1943 mass killing of villagers in Nazi-occupied Belarus

Khatyn (Хаты́нь, /be/; Хаты́нь, /ru/) was a village of 26 houses and 157 inhabitants in Belarus, in Lahoysk district, Minsk region, 50 km from Minsk. On 22 March 1943, almost its entire population was massacred by the Schutzmannschaft Battalion 118, made up mostly of Ukrainian and other Soviet collaborators, assisted by the SS-Sonderbataillon Dirlewanger, in retaliation for an attack on German troops by Soviet partisans.

==Background==
The massacre was not unusual in Belarus during World War II. At least 5,295 Belarusian settlements were burned and destroyed by the Nazis, and often all their inhabitants were killed (some amounting to as many as 1,500 victims) as a punishment for collaboration with partisans. In the Vitebsk region, 243 villages were burned down twice, 83 villages three times, and 22 villages were burned down four or more times.
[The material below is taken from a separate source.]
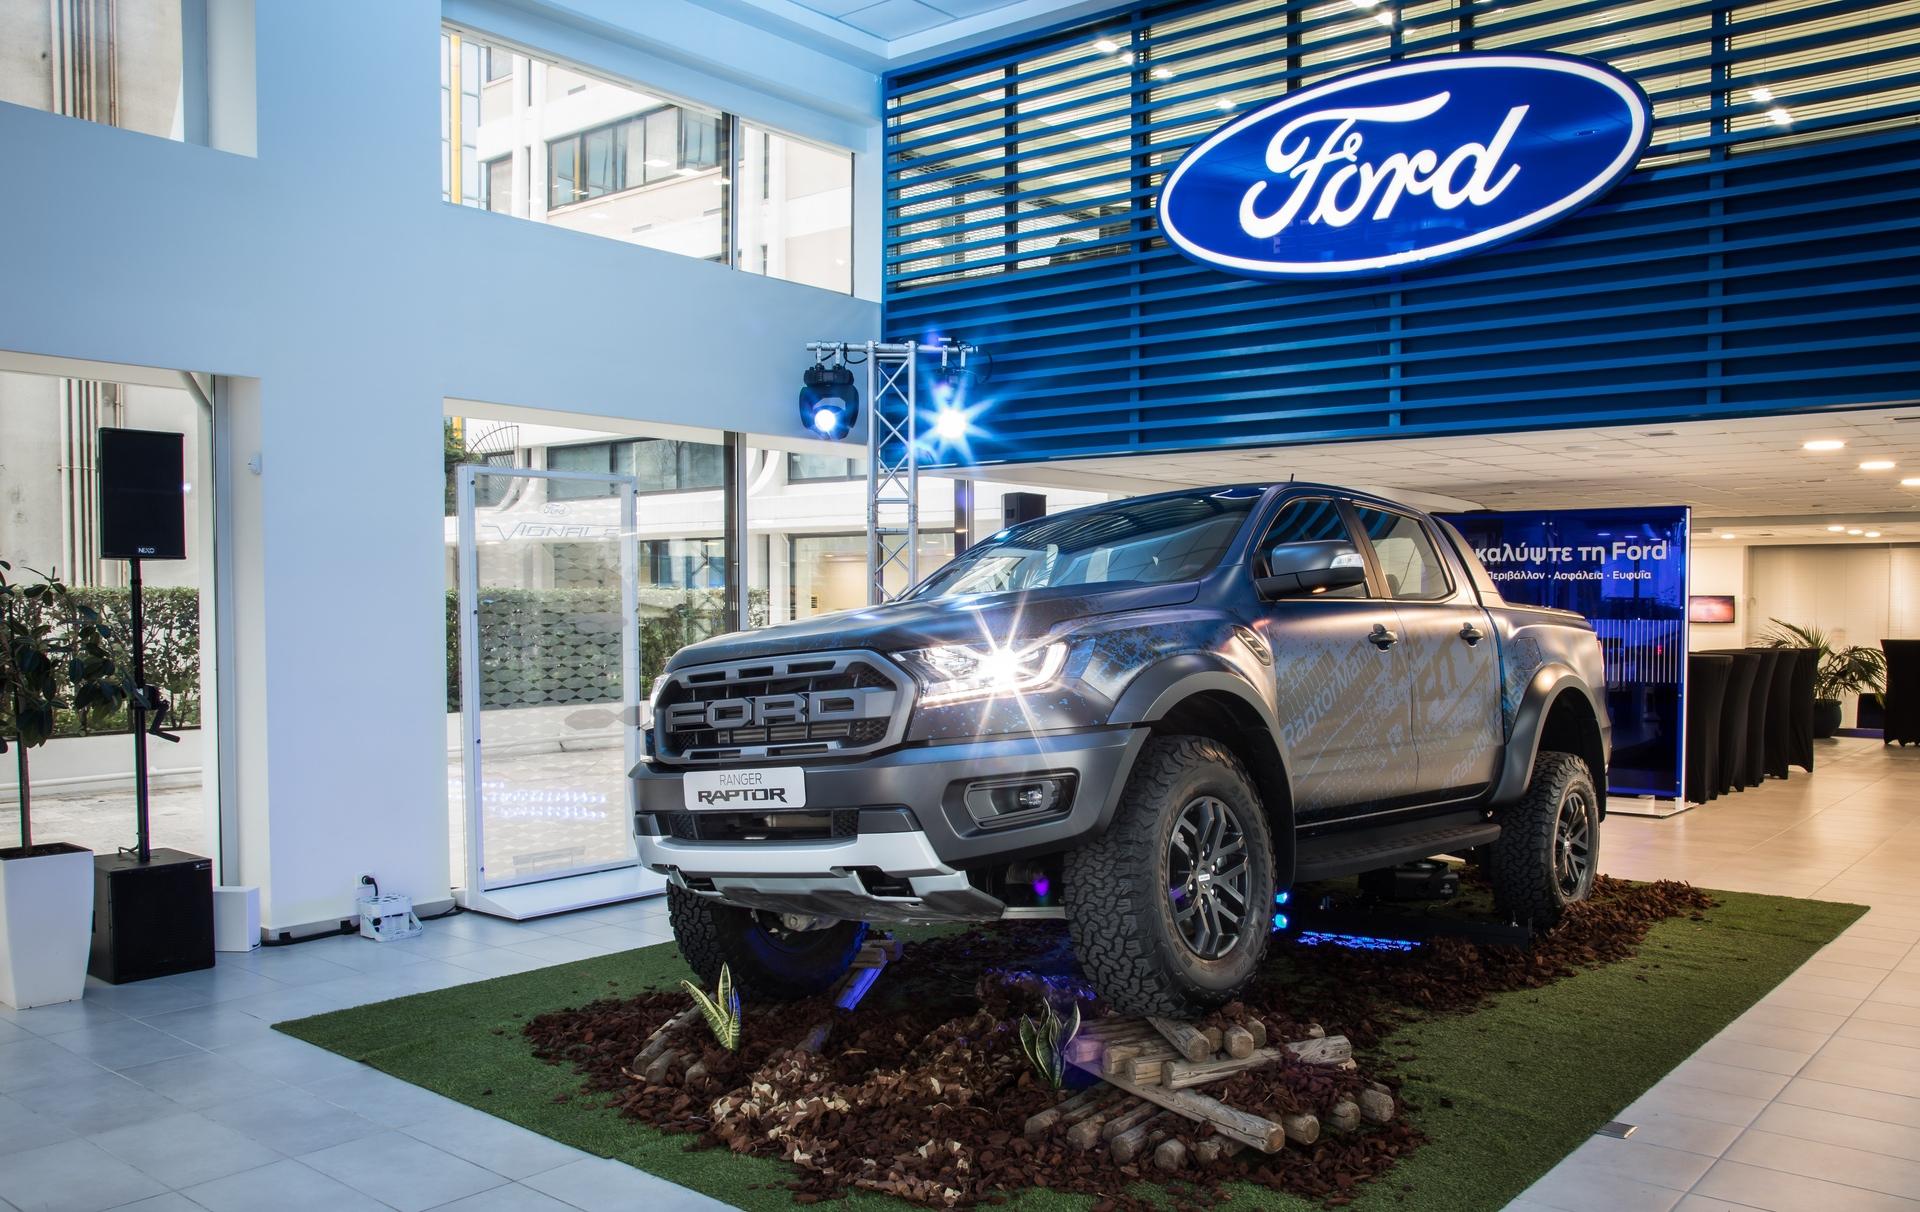 Ford_Ranger_Raptor_greek_resentation_0006

In the Minsk region, 92 villages were burned down twice, 40 villages three times, nine villages four times, and six villages five or more times. Altogether, over 2,000,000 people were killed in Belarus during the three years of Nazi occupation, almost a quarter of its population.

==Massacre==
On 22 March 1943, Battalion 118 received a report of damage to a telephone line between Plyeshchanitsy and Lahoysk. A construction unit from Plyeshchanitsy and two platoons from the 1st company of Battalion 118 proceeded to the site near Kozyri village, 6 km from Khatyn, to restore the line. In the process they were attacked by Soviet partisans, resulting in the deaths of four of the police officers — including Hans Woellke, the Company commander. The partisans immediately fled eastward to Khatyn. The policemen from the platoon pursued them but decided to retreat because they were under strength.

Platoon commander Vasyl Meleshko, who was slightly injured, sent an alarm calling for immediate reinforcement. The message was received by the SS-Sonderbataillon Dirlewanger, to which Schutzmannschaft Battalion 118 was subordinated at that time. (That battalion was made up mostly of Ukrainian and other Soviet collaborators.)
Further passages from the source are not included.